There had originally been four sisters, daughters of a couple who had moved to Reydarfjördur in the 1920s, fleeing a miserable living on a small croft in the northern district of Skagafjördur. Their father, who came of an East Fjords family, had taken over a relative’s smallholding, but according to Bóas he was a heavy drinker who made a mess of running the place and was killed in an accident some years after the move.
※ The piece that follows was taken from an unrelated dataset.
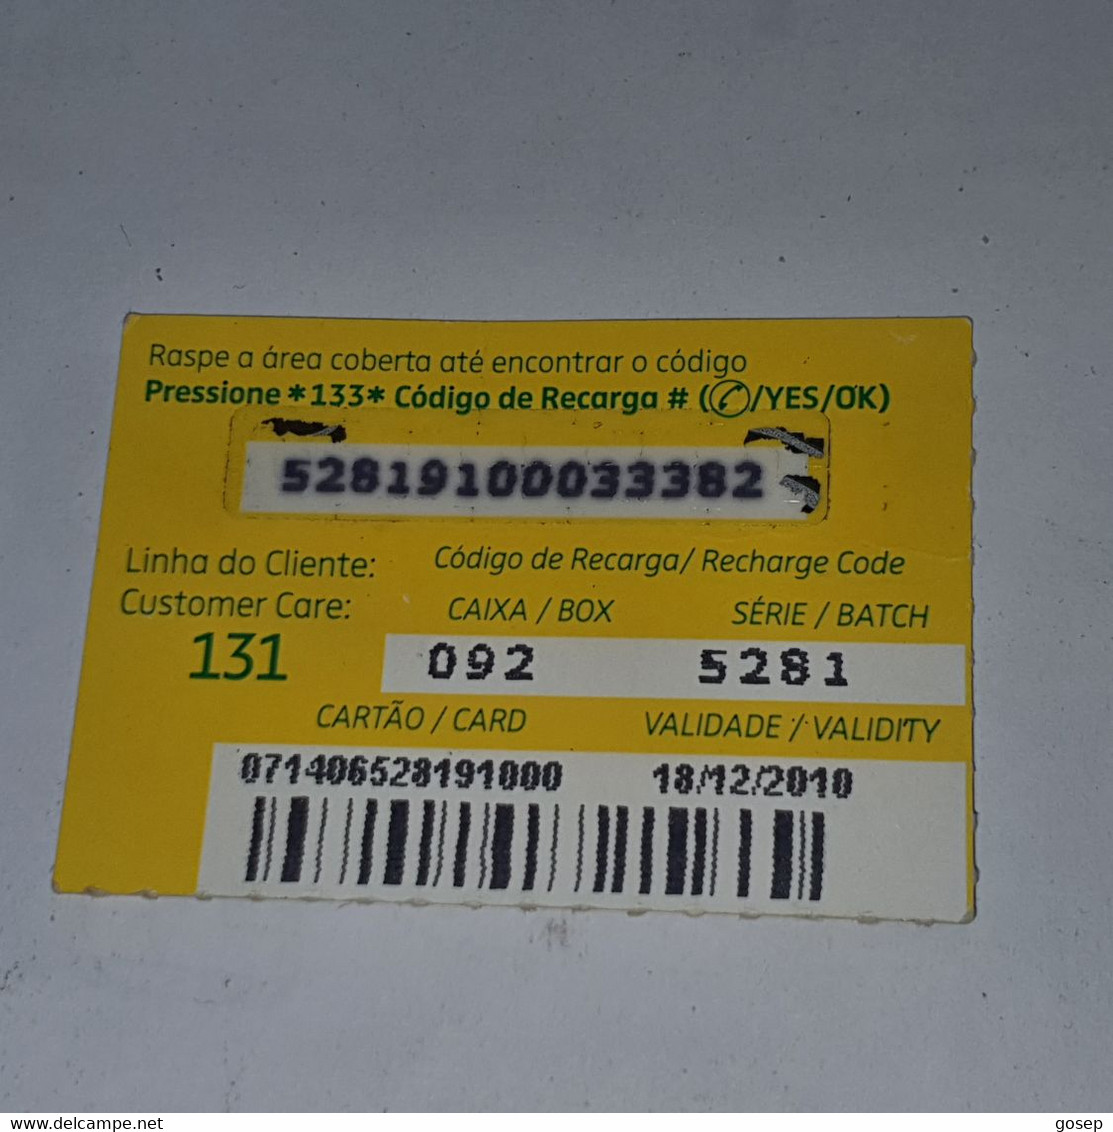 Mozambique-(MZ-MCE-REC-0005)-(11)-Giro De 20-(52819100033382)-(18/12/2010)-used Card - Mozambique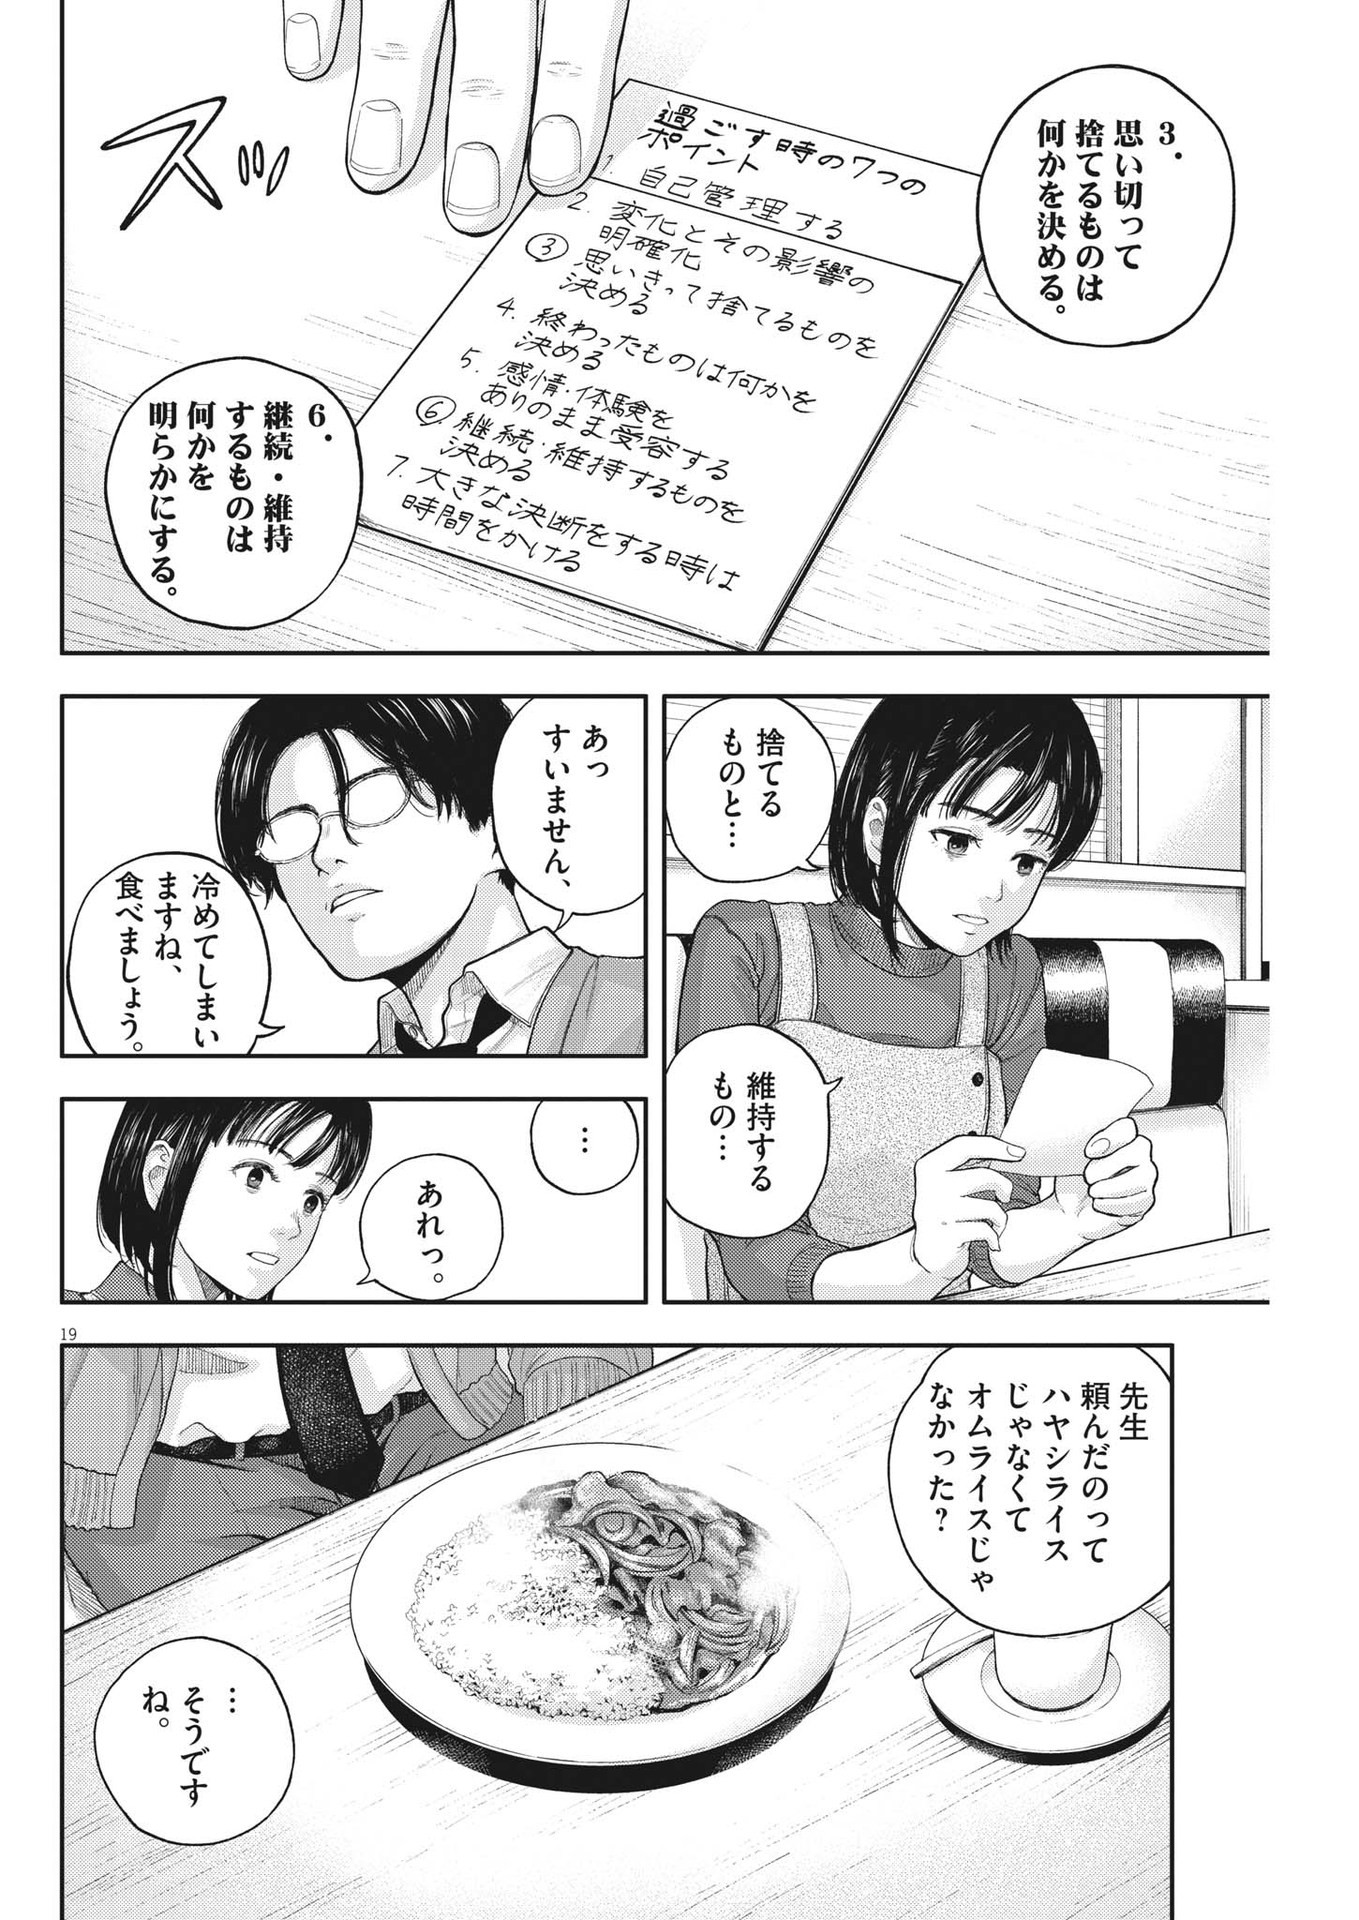 Yumenashi-sensei no Shinroshidou - Chapter 2 - Page 19

His wife, left on her own with four daughters to support, had managed to turn around the fortunes of the farm with the help of her neighbours, married a local man and saw her daughters safely into adulthood. The two eldest had left, moving right across the country to Reykjavík, while Matthildur had married a fisherman from Eskifjördur, the neighbouring fjord. At the time she went missing they had been together for a couple of years but had no children. Hrund, the youngest of the sisters, had got hitched to a local and stayed on in Reydarfjördur.